Os cientistas identificaram que a variante do vírus oropouche (OROV) responsável pelo surto de febre oropouche no norte do Brasil já se espalhou para Bahia, Espírito Santo e Santa Catarina.
No novo estudo, publicado na revista científica The Lancet, pesquisadores do grupo Fleury e da Universidade Federal de Minas Gerais (UFMG) confirmaram ainda a existência de duas novas mutações, presentes nesses mesmos estados.
As alterações no genoma do vírus podem ter contribuído para a sua propagação pelo país, para o aumento dos casos e para as graves manifestações da doença, que causou as duas primeiras mortes no mundo em 2024.
Este ano, o Brasil registrou mais de 7,8 mil casos de febre oropouche em 22 estados, segundo dados do Painel de Monitoramento de Arboviroses do Ministério da Saúde. Para efeito de comparação, em 2023, foram 831 casos da doença, todos em estados da região Norte (Acre, Amazonas, Rondônia e Roraima).
Novo passo para entender o vírus
As informações do estudo complementam o que pesquisas da Fundação Oswaldo Cruz (Fiocruz) já indicavam sobre o genoma do vírus que deu início ao surto da febre oropouche no Norte do país, em 2022.
Segundo análise da Fiocruz, o aumento de casos foi causado por uma nova linhagem de OROV que surgiu no Amazonas entre 2010 e 2014 e se espalhou silenciosamente ao longo da última década.
Agora, a nova pesquisa mostra que essa mesma variante já chegou à Bahia, ao Espírito Santo e a Santa Catarina, o que indica a propagação do vírus por todo o país.
Mutações
Os cientistas também encontraram novas mutações datadas do período entre 2023 e 2024após o início do surto. Isto indica que a propagação do vírus nos últimos dois anos pode ter desencadeado alterações no seu genoma.
“À medida que o vírus é transmitido, ocorrem mutações”, afirma Daniela Zauli, coordenadora de Pesquisa e Desenvolvimento do Grupo Fleury.
Pesquisas indicam que o vírus passou por um rearranjo – mudanças que impactam maior parte do seu DNA. Evidências indicam que o OROV se reorganizou com outros dois microrganismos de sua família: o vírus Iquito e o PEDV, que circulam na Amazônia e têm potencial para infectar humanos.
“O vírus tem três pedacinhos. O que aconteceu num determinado momento é que dois ou até três vírus diferentes contaminaram a mesma célula. Ao embalar um novo vírus, em vez de levar os três segmentos de um mesmo oropouche, levaram um pedacinho de outros vírus, que são semelhantes”, explica o infectologista Celso Granato, diretor clínico do Grupo Fleury que não participou do estudo .
Essa troca com outros vírus pode acontecer eventualmente, segundo especialistas. “Isso faz parte da evolução natural (dos vírus). Temos que estar atentos ao que essa evolução traz para o ser humano”, afirma Daniela.

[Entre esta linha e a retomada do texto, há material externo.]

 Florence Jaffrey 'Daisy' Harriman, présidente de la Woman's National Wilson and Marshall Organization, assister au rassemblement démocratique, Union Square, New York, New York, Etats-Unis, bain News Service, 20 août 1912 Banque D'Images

Ela ressalta que não é possível afirmar se essas mutações estão relacionadas a casos graves de febre oropouche ou a alterações na forma de propagação do vírus. Novos estudos deverão investigar essas associações.
A febre Oropouche é transmitida pelo inseto Culicoides paraenses conhecido como maruim ou flebotomíneo. “Quando você tem uma mutação, isso pode gerar a capacidade de ser transmitido por outros tipos de insetos”, diz Granato. “Falando em hipótese, se esse vírus se adaptar bem ao Aedes aegypti, por exemplo, isso é muito ruim porque é um mosquito que está mais disseminado no país”, completa.

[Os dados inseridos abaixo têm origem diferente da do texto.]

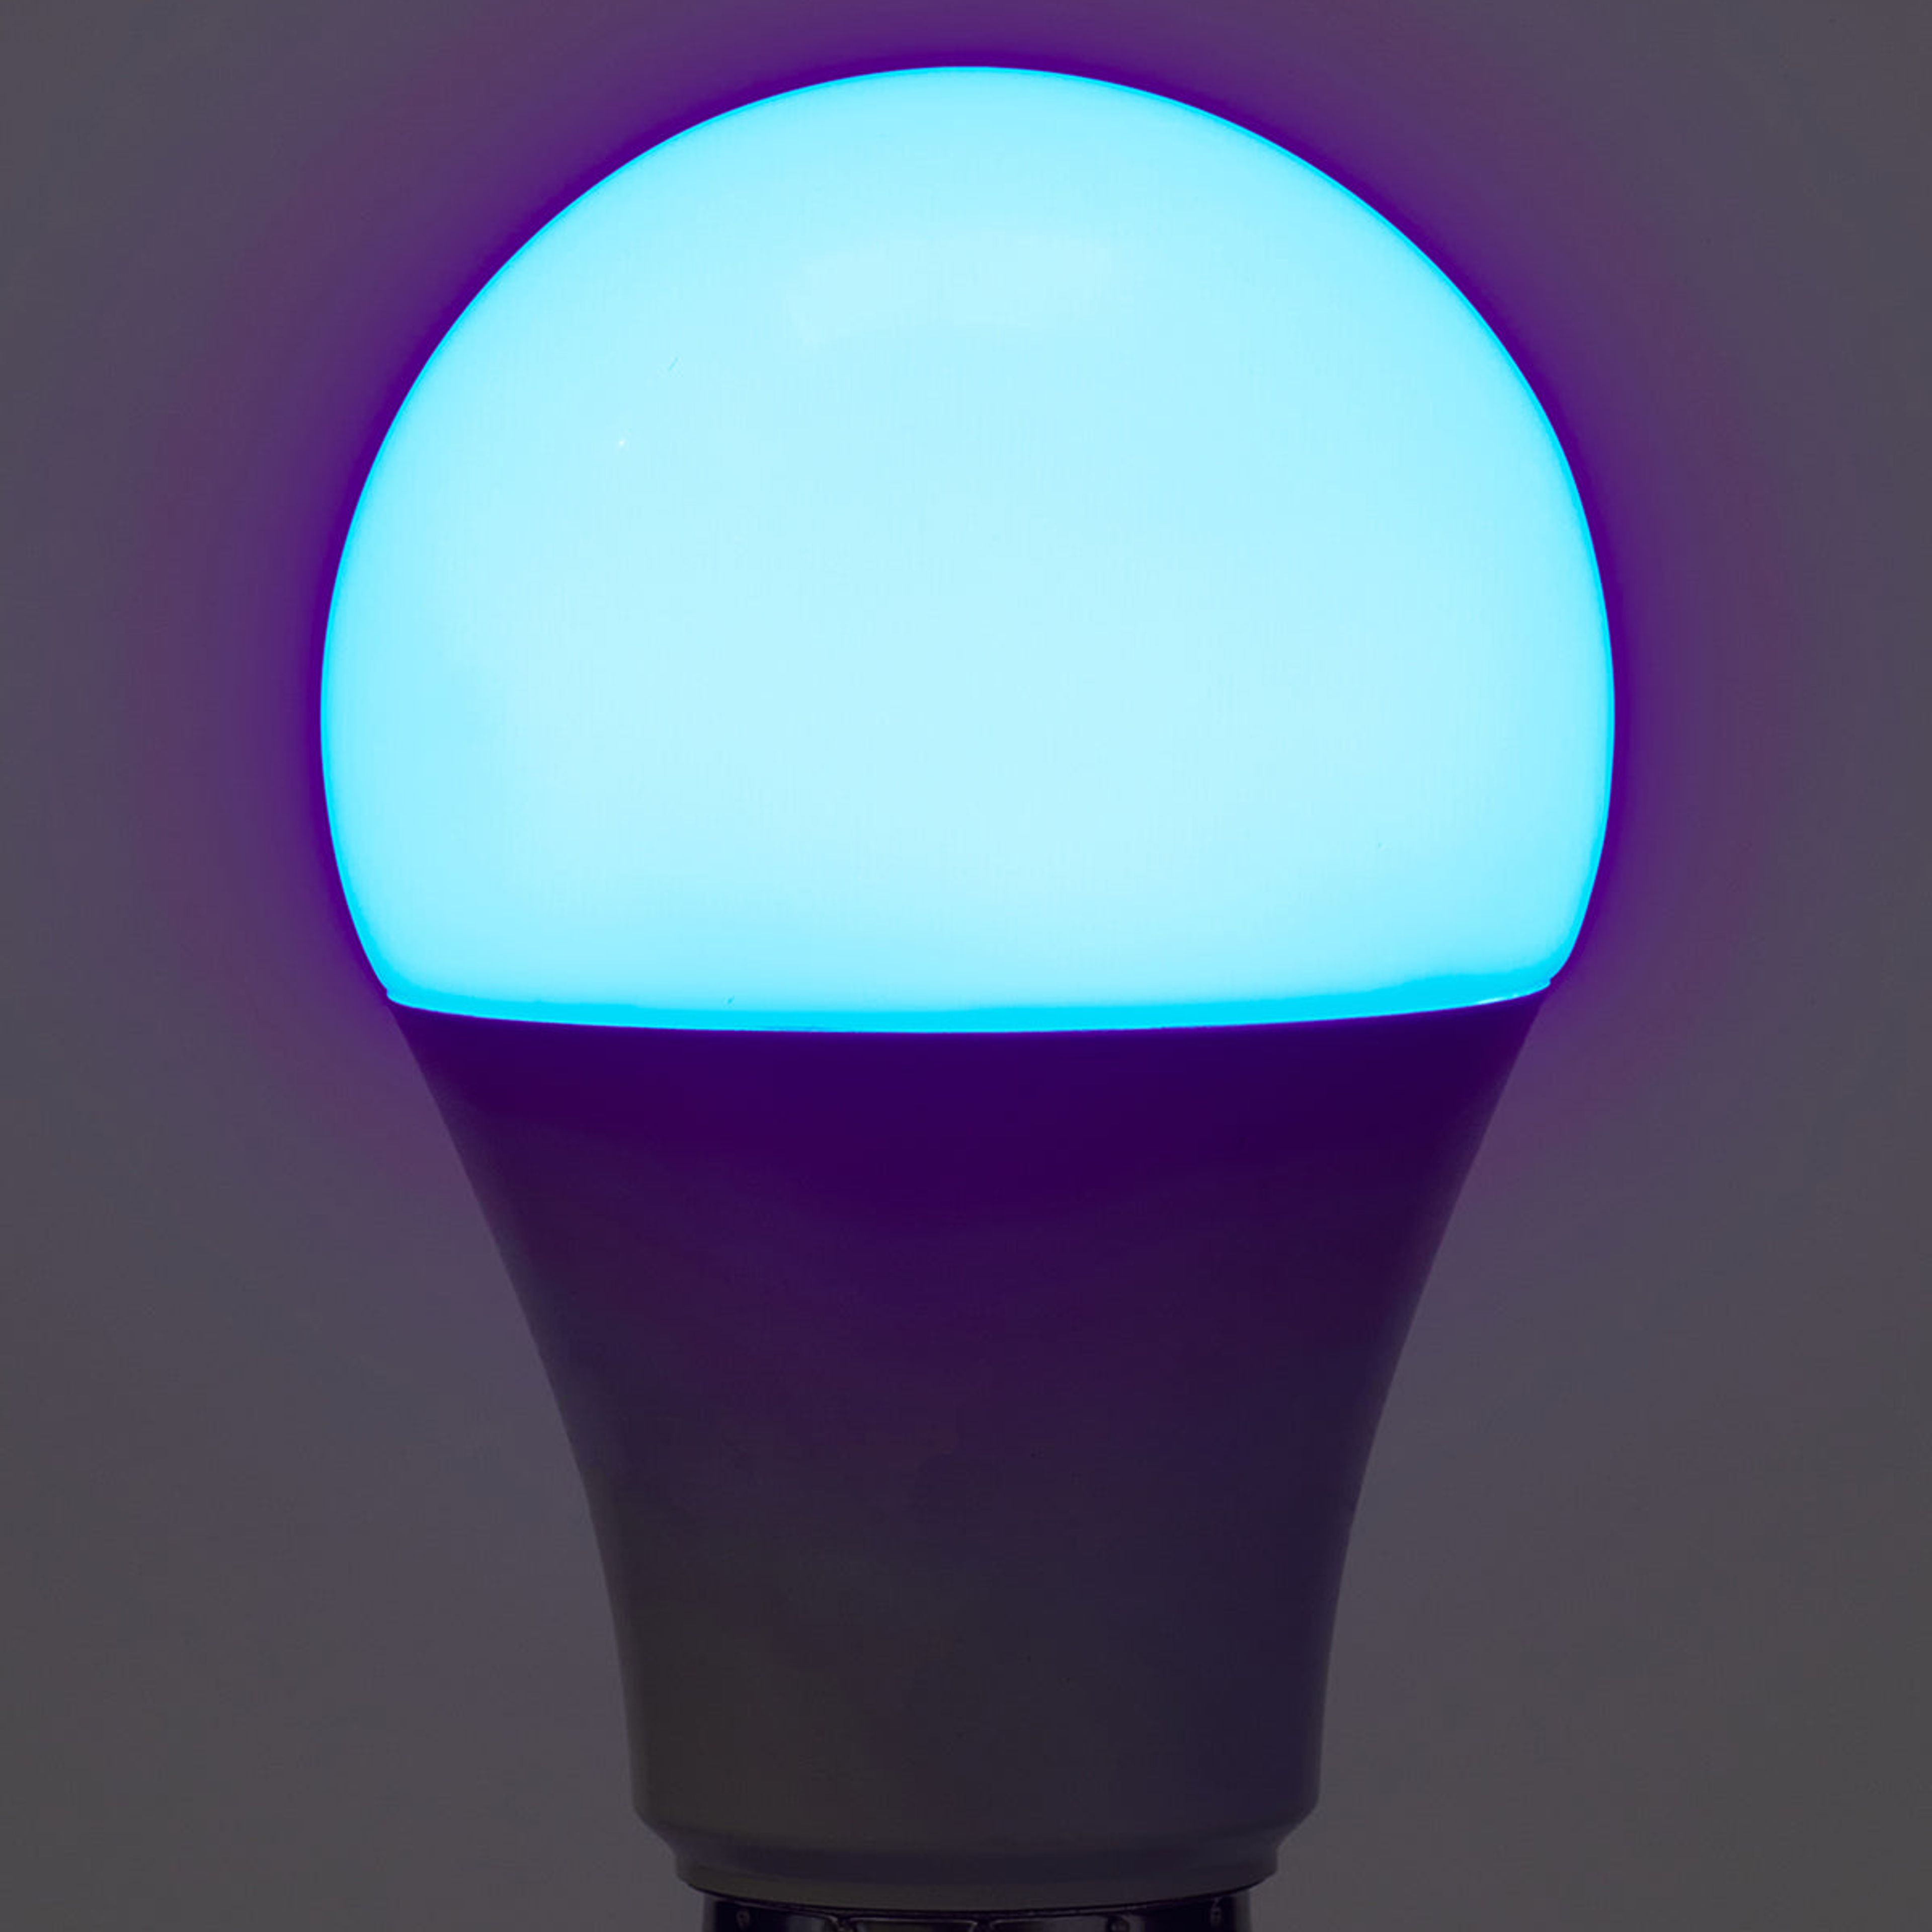 Smart Bulb A19

Especialistas enfatizam a importância da ampliação dos testes porque as amostras fornecem material de análise e permitem aos pesquisadores entender se alterações no OROV exigem mudanças nas medidas de prevenção de doenças, por exemplo.
“Essa vigilância genética do vírus é de extrema importância porque é por meio dela que entenderemos melhor como esse vírus está se comportando em um país como o Brasil, que é tão heterogêneo”, finaliza Granato.